The difference is Socialism is a people's movement, its an Idea of the unions to make life wasier for the working class, because without the working class capitalism cannot work.
But somehow it's OK to make life
harder for the "white collar" class?
(You need industry before you can have commerce, I realise this is becoming less and less the reality but one way or another you need resources before you can make/sell something.)
You also need an idea of what you can make/use/do.
Everybody has muscles they can use to scratch out a bare living. What everybody does
not have is an idea, knowledge, curiosity, etc. required to envision something which can be made or improved. That's why workers need an employer more than an employer needs workers. A person with an idea can always do it himself if need be. But a person who is only a set of muscles without an idea has nothing to do.
As far as I can see or have learned capitalism has its many shortfalls if you are not one of the lucky people making all the money.
As far as I can see luck is luck the world over. But in my view, Socialism has many shortfalls if you are one of the dilligent, hardworking people who is making all the money. Which would
you rather reward?
What I mean to say is, you're trying to tell me that just because someone doesnt have a university degree and such means they do less work? Just because someone can't afford to live in the high-end of town and trade on Wall St. and the Nasdaq they are doing less work than the people building the infrastructure for commerce?
Who said that? I didn't see it. Kindly point it out.
BUT, refer to my paragraph on having an idea, above. A hardworking set of muscles will earn X amount of money. A hardworking brain will earn many times that amount.
If you honestly believe that capitalism is good for everyone you're in my opinion extremely naive.
Actually, Scoialists are either naive, or vicious, or both. Capitalism has the
potential to be good for everyone. Socialism, on the other hand, has a built-in, guaranteed unfairness against a particular group of people - those who succeed.
Capitalism only ever works in rich 1st world countries where there is a strong industrial base to work from, and even then whether or not it works is debatable.
Lets take this a step further and perhaps you will realize that you have made the classic Socialist mistake of reversing cause and effect. Let me ask you this:
What
were those "rich 1st world countries"
before they became rich? Where exactly did those riches
come from?
Wealth does not lie around like a static commodity to be shared or hoarded. Wealth is
created... by people with ideas. No one simply said "America is going to be rich," and made it so. We took two thousand years of capitalism-driven European technology and knowledge, and cranked it up to 11. So did the Europeans themselves, but their political ideas about this very action have remained a thousand years old. They still fundamentally see wealth as something of which there is a fixed amount, and which has to be taken from someone in order to be given to someone else.
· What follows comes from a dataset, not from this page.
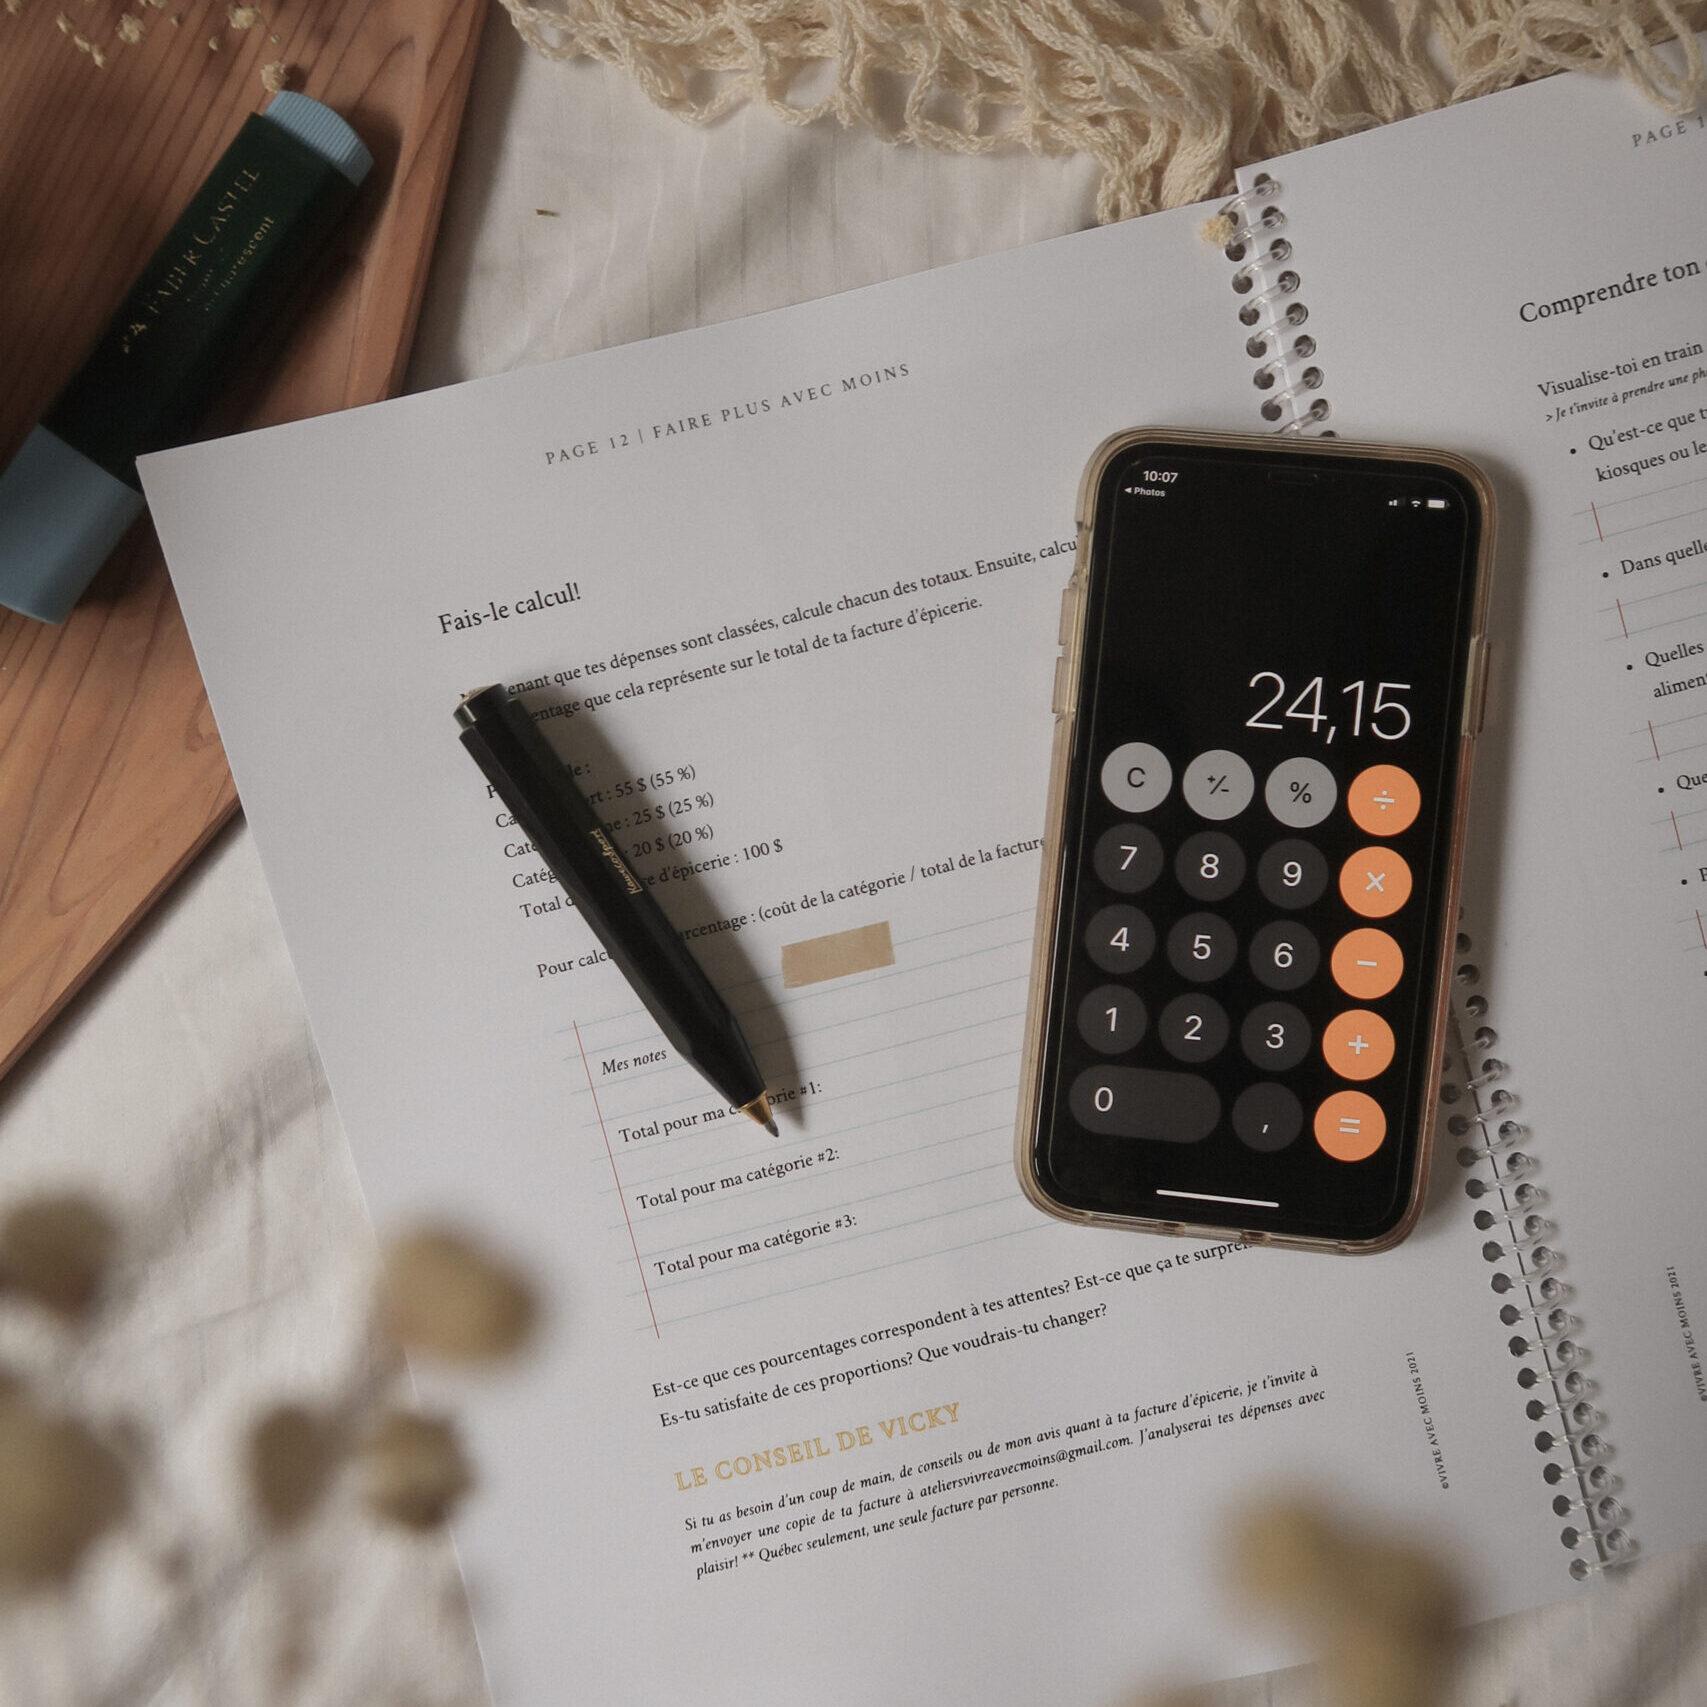 Faire plus avec moins atelier calculatrice

Countries are not Capitalist
because they are rich and powerful.
They are rich and powerful to the extent that they are Capitlist.
Capitalism can and will, only ever favour those with money to begin with because it simply becomes to hard for a less fortunate person to climb the ranks of society without government subsidisation (sp?).
Socialism only ever works as long as the victims agree to be victimized.
Hard work pays off. No matter how much Socialists try to ignore this fact, it remains a fact. Some people work harder than others. Some people work smarter than others. There is no guarantee that your hard work will not be destroyed by a bad decision or an unlucky natural event. But all you need to look at is how many self-made rich Americans there are to see that overall, the system pays you back what you put into it. For highly visible examples, look at the NBA. How many inner city kids have built their hard work and talent into multi-million-dollar contracts? Many... but that's just a rarified example. How many dedicated guys have started out as lot boys at a car dealership, then learned some mechanics or became a good salesman, and then a manager, and then bought the dealership? The process is built in to the Capitalist system.
That doesn't mean it is guaranteed, NOR SHOULD IT. But it is inherent in the system.
Socialism, on the other hand, is like a tractor pull. Have you ever seen one? A heavy weight on a sled is pulled by a tractor as far as possible. As the tractor moves further down the strip, the weight moves further and further off the wheels and onto the skid, making the sled harder and harder to pull, until the tractor stalls. Success is punished by making the task more and more difficult, until the person fails.
Does that sound particularly desirable? Or even remotely fair?